Hay películas que te piden empatía. Hoppers hace algo más incómodo: te cambia de cuerpo. La nueva cinta de Pixar arranca con una premisa que suena a experimento de laboratorio con delirios de ciencia ficción: una joven —Mabel— logra transferir su conciencia a un castor robótico para infiltrarse en el mundo animal. Lo que sigue no es solo una aventura ecológica, sino una especie de choque cultural entre lo humano y lo salvaje.
Pero aquí está el truco: Hoppers no trata de salvar a los animales… trata de entenderlos sin humanizarlos del todo.

Pixar, que lleva años intentando reencontrarse, aquí se siente raro —y eso es bueno—. La película no busca un solo golpe emocional fácil, sino que va construyendo pequeños momentos: chistes incómodos, silencios raros, decisiones torpes. Como si no supiera exactamente hacia dónde va… pero justo ahí encuentra su personalidad.
Porque sí, hay humor. Bastante. Pero es un humor medio torcido, casi absurdo por momentos, que convive con algo más pesado: la idea de que los humanos no solo no entendemos la naturaleza… probablemente tampoco queremos hacerlo.
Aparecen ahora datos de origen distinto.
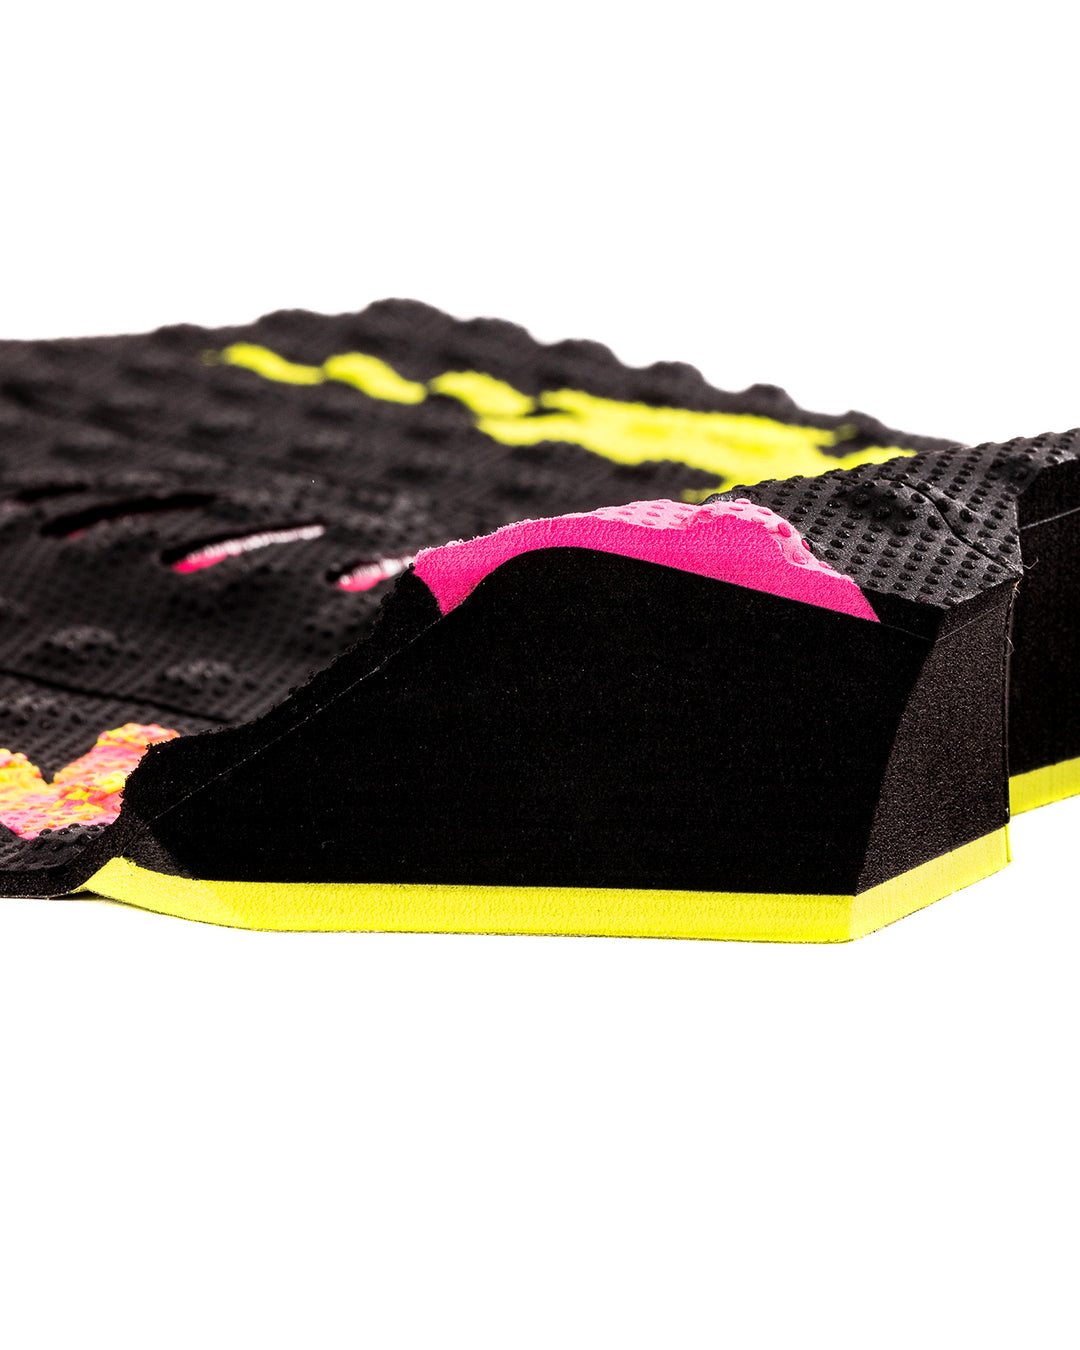 Mick Eugene Fanning Lite Small Wave Traction

La relación entre Mabel y el mundo animal es donde la película respira mejor. No hay esa fantasía cómoda de “los animales son como nosotros”. Al contrario: hay reglas, jerarquías y comportamientos que no están diseñados para agradarnos. Y eso incomoda. Y funciona.
Visualmente, Pixar vuelve a jugar: no tanto con el hiperrealismo, sino con la perspectiva. Ver el mundo desde un castor —literal— no es solo un gimmick narrativo, es una excusa para cambiar cómo se siente el espacio, el peligro y hasta el tiempo.

Sin embargo algo que es el gran acierto es la forma tan pachoncita y esponjosa con la cual recrean a estos animales, simplemente es una ternura visual, que para muestra esta la lagartija que se roba todos los reflectores cuando hace su aparición.
Eso sí, Hoppers no es perfecta. A ratos parece querer ser demasiadas cosas: comedia, sátira ecológica, aventura política disfrazada. Y en ese caos, algunas ideas se quedan a medio camino. Pero curiosamente, ese desorden también le da vida.

Al final, lo que queda no es el mensaje ambiental (que sí, está ahí), sino algo más incómodo:
la sensación de que el problema nunca fue la naturaleza… fuimos nosotros mirándola desde fuera.
Hoppers no te dice que cuides el planeta. Te sugiere algo más raro: que tal vez nunca has entendido realmente dónde estás parado.